Biz sandık başına gidip, “bizi yönetin” diye vekillerimizi seçiyoruz, onlar meclisi sokak gibi görerek sokak kavgası yapıyorlar.
Sokakta pala, mecliste tokmak.
Bilmem dikkatinizi çekti mi? Mecliste ilk kez yaşanan bir şey var;
Bu iç güvenlik paketine hem HDP karşı çıkıyor hem MHP.
CHP zaten kaştı.
Eğer bu birbirine karşıt iki parti olmasına karşın, yani MHP ile HDP bir konuda anlaşabiliyorsa, iktidarın bunu dikkate alması gerekmez mi?
Aksi takdirde halk, dolayısıyla seçmen, kendi içinde güvenliği sağlayamayan meclis, iç güvenliği nasıl tartışacak diye düşünmez mi?
Şu hale bakın;
Mecliste, seçilmiş adamlar birbirine giriyor.

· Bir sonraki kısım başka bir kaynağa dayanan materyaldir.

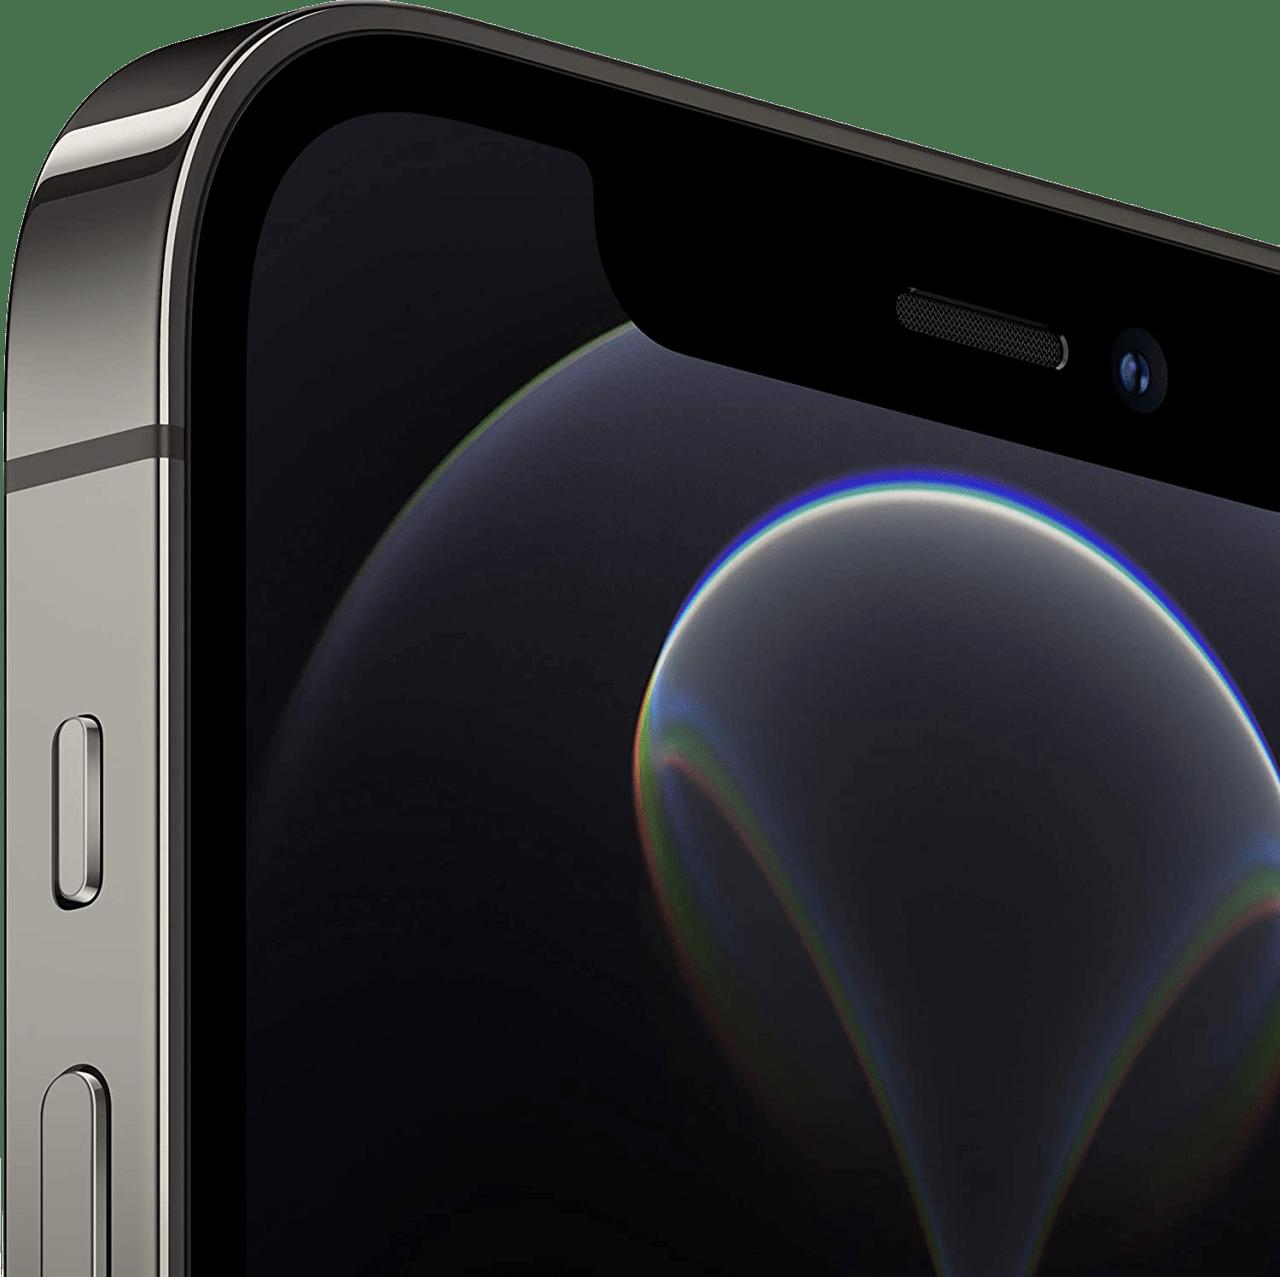 Grau Apple iPhone 12 Pro - 512GB - Dual Sim.4

Şiddete çözüm bulması gerekenler, birbirlerine şiddet uyguluyor.
Muhalefet partilerinden 5 milletvekili yaralanıyor, kimi hastaneye kaldırılıyor.
Bu çirkinliğin ardından söylenenler daha da acı.

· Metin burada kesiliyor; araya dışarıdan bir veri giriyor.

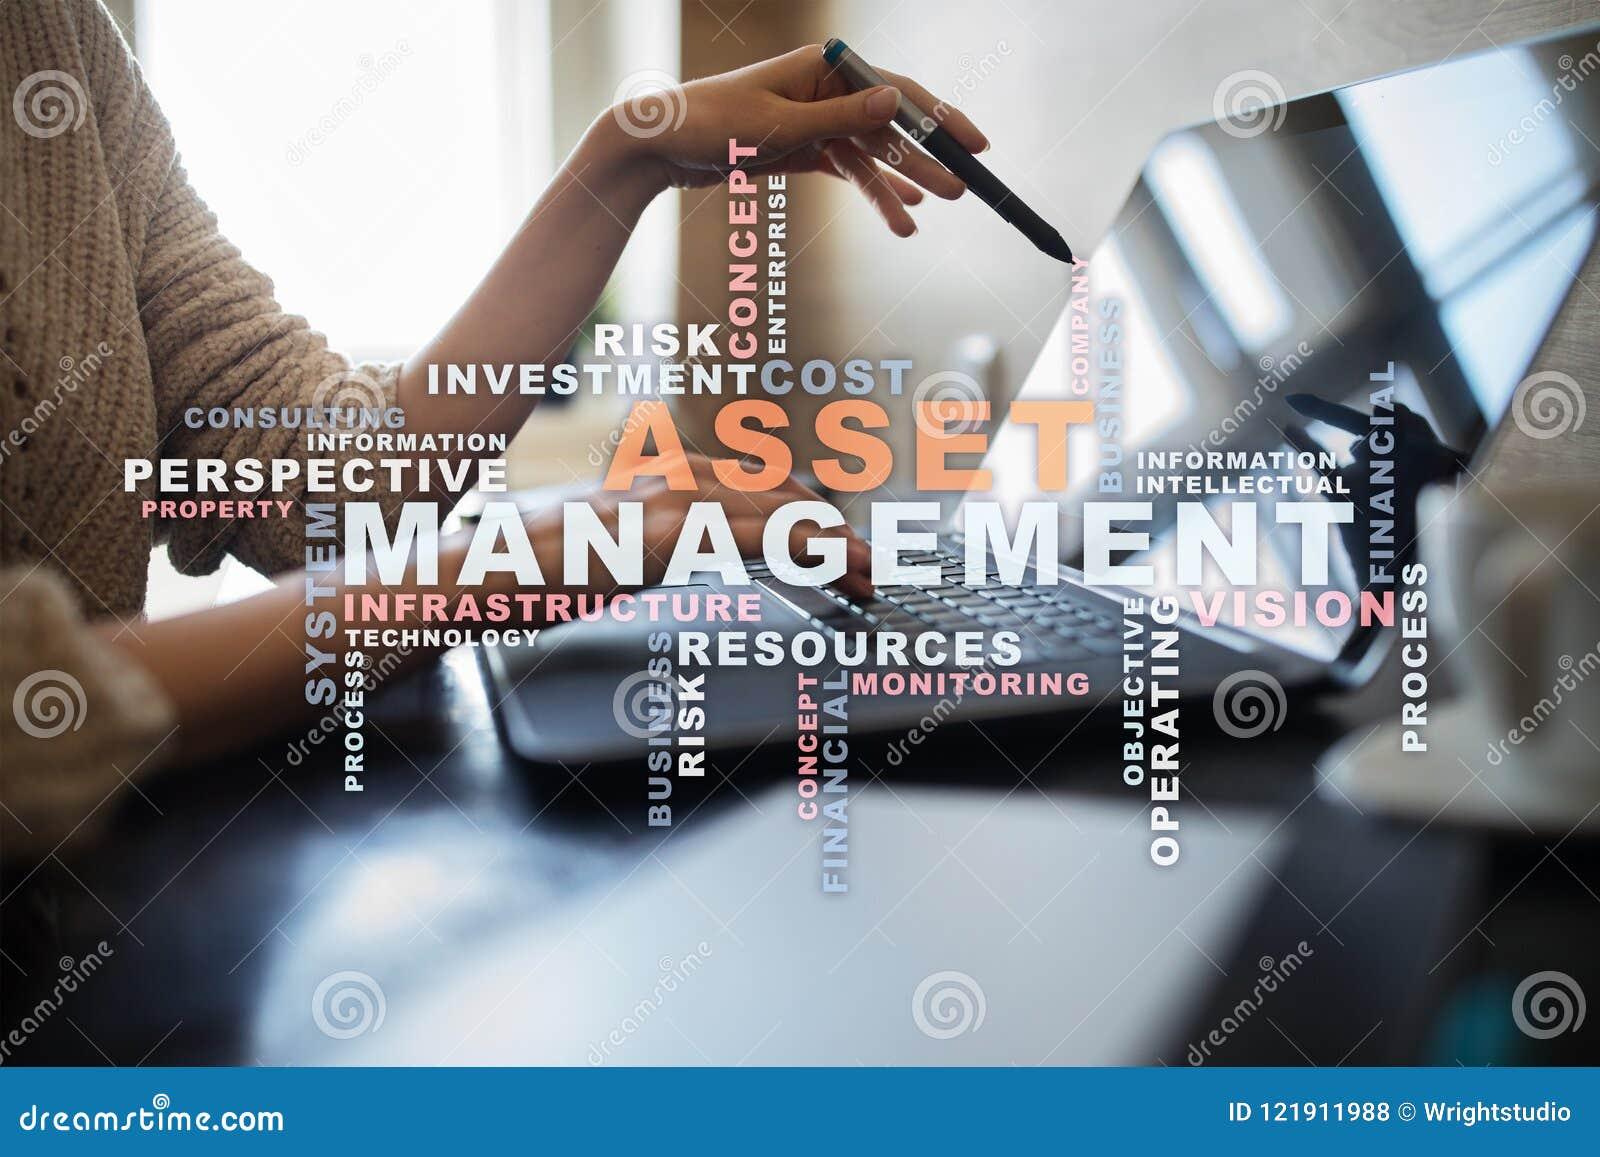 Asset management on the virtual screen. Business concept. Words cloud.

Biri “ayağı takıldı düştü” diyor, öteki, “yalan söylüyorsun, onu siz bu hale getirdiniz” diye bağırıyor.
Kime inanacağız?
Meclis televizyonu neden kapatıldı?
Bu can alıcı konular tartışılırken meclis neden kapalı oturuma geçti?
Halktan, seçmenden neler kaçırılmak isteniyor?
Meclis için tuluat tiyatrosu desem, tiyatroculara, tuluat sanatçılarına haksızlık etmiş olurum.
Gerginlik, cinnet, intiharlar, kadına şiddet, kadın öldürmeler, iş kazaları gırla gidiyor.
Herkes patlamaya hazır bomba gibi.
Kar topu atan genç gazeteci, bıçaklanarak öldürülüyor.
Biz görüyoruz da Ankara göremiyor mu?
Yazımın başlığını boşuna CİNNETİSTAN koymadım.
Aslında CİNNET - İSYAN koymalıydım.
Çünkü hem cinnet var hem isyan var.
Sokakta var, köyde var, kentte var ve yüce bildiğimiz mecliste var.
Ne var?
Hem cinnet var hem isyan var.
Sokağa, sıradan insanlara yansımasını da normal görmemiz gerek artık.